* YOUR TASK:
Which lines run from the one with "Cassette tape artwork" through the end of the data? Retype them exactly, without pictures.

* DATA EXTRACT:
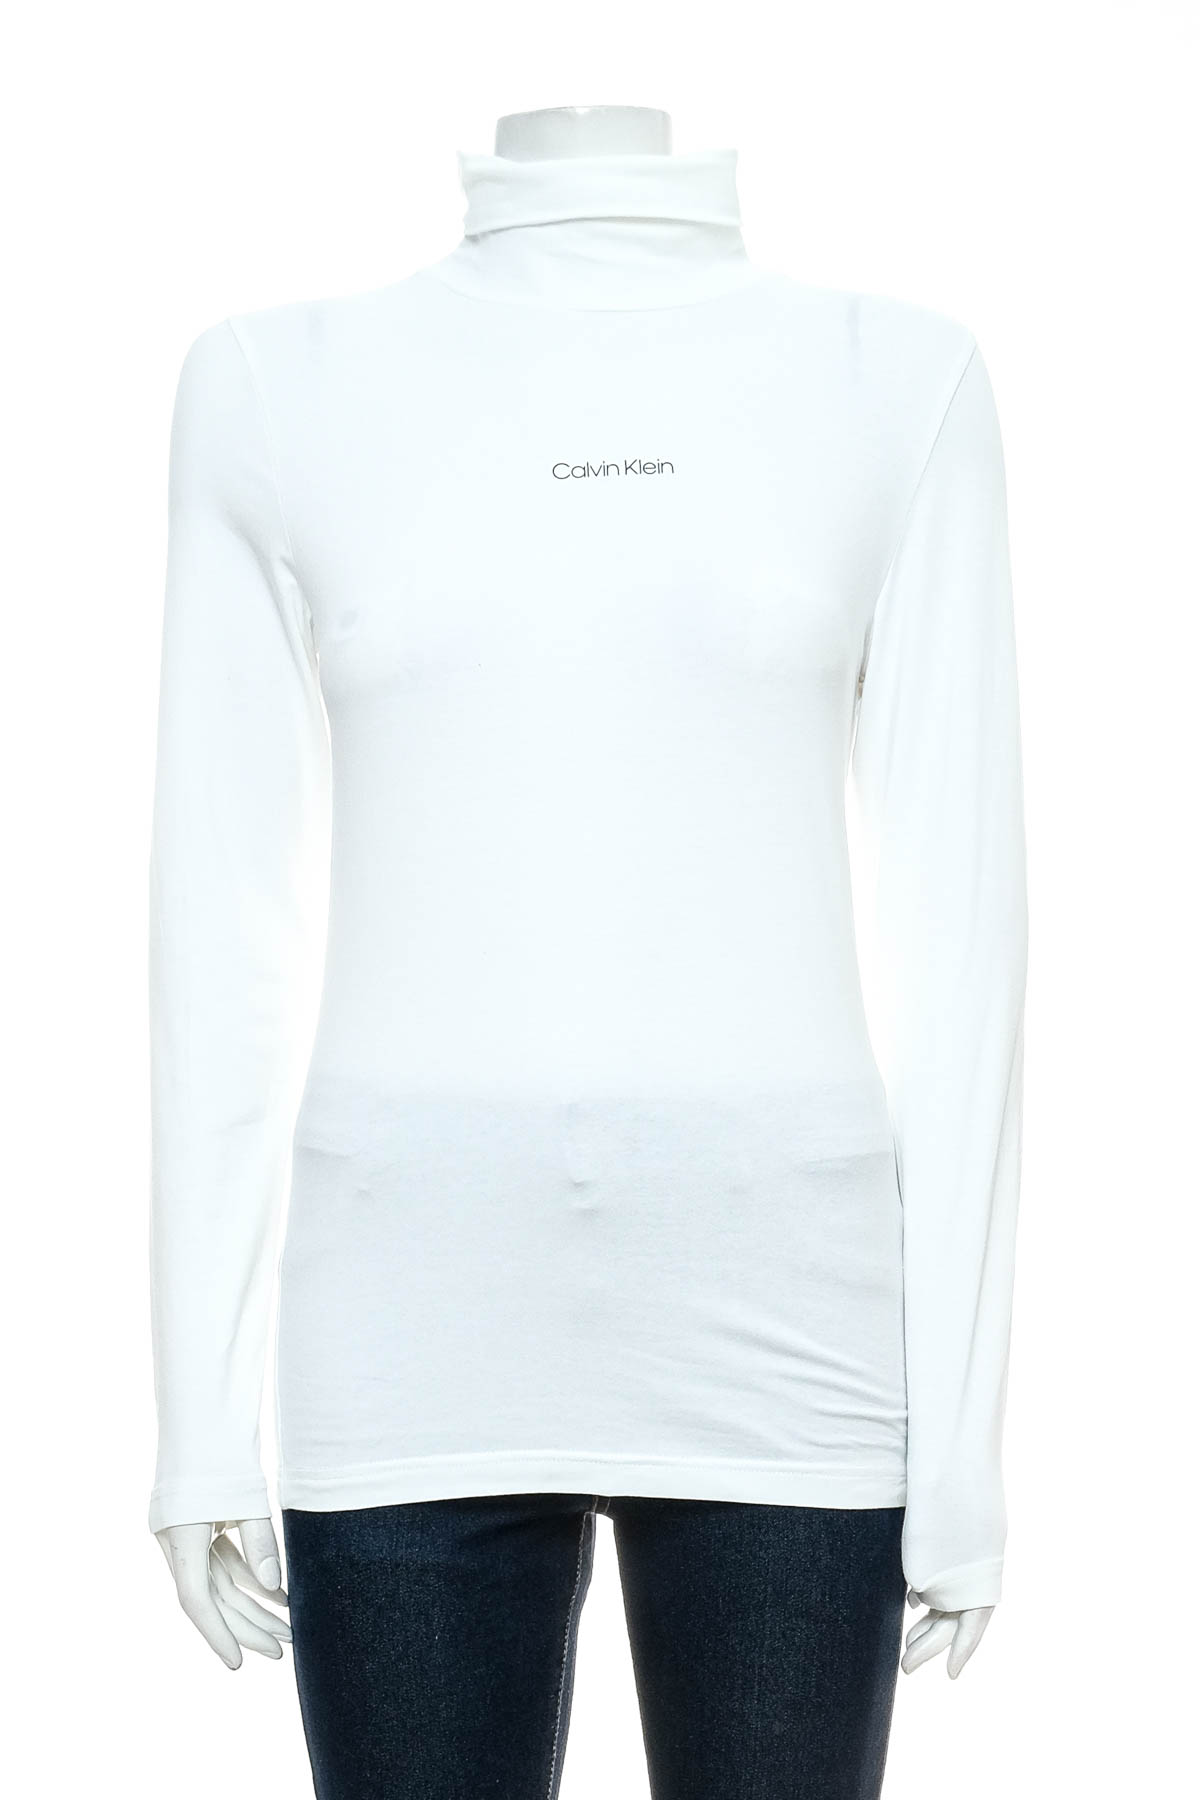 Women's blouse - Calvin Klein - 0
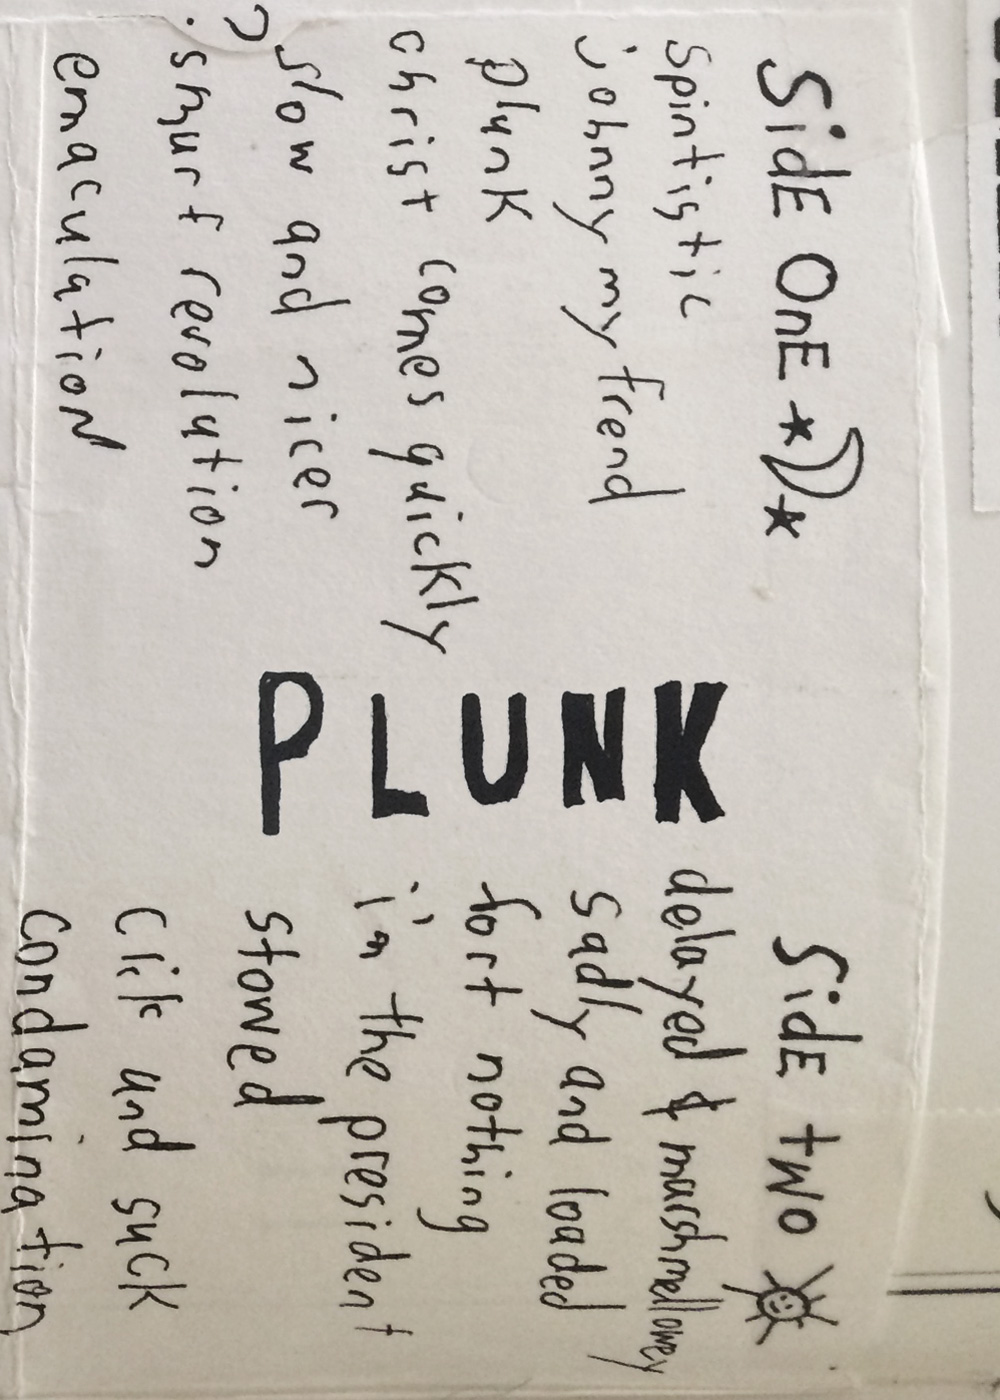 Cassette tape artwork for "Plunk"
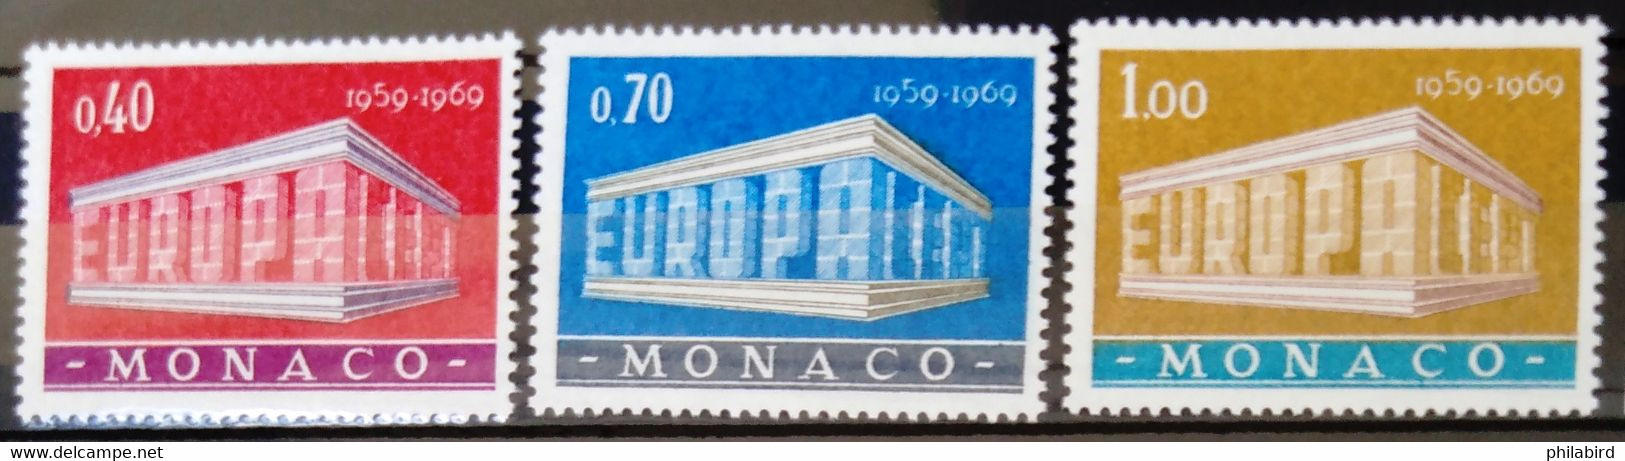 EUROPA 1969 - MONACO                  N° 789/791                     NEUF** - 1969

* EXERCISE RESULT:
 Cassette tape artwork for "Plunk"
 EUROPA 1969 - MONACO                  N° 789/791                     NEUF** - 1969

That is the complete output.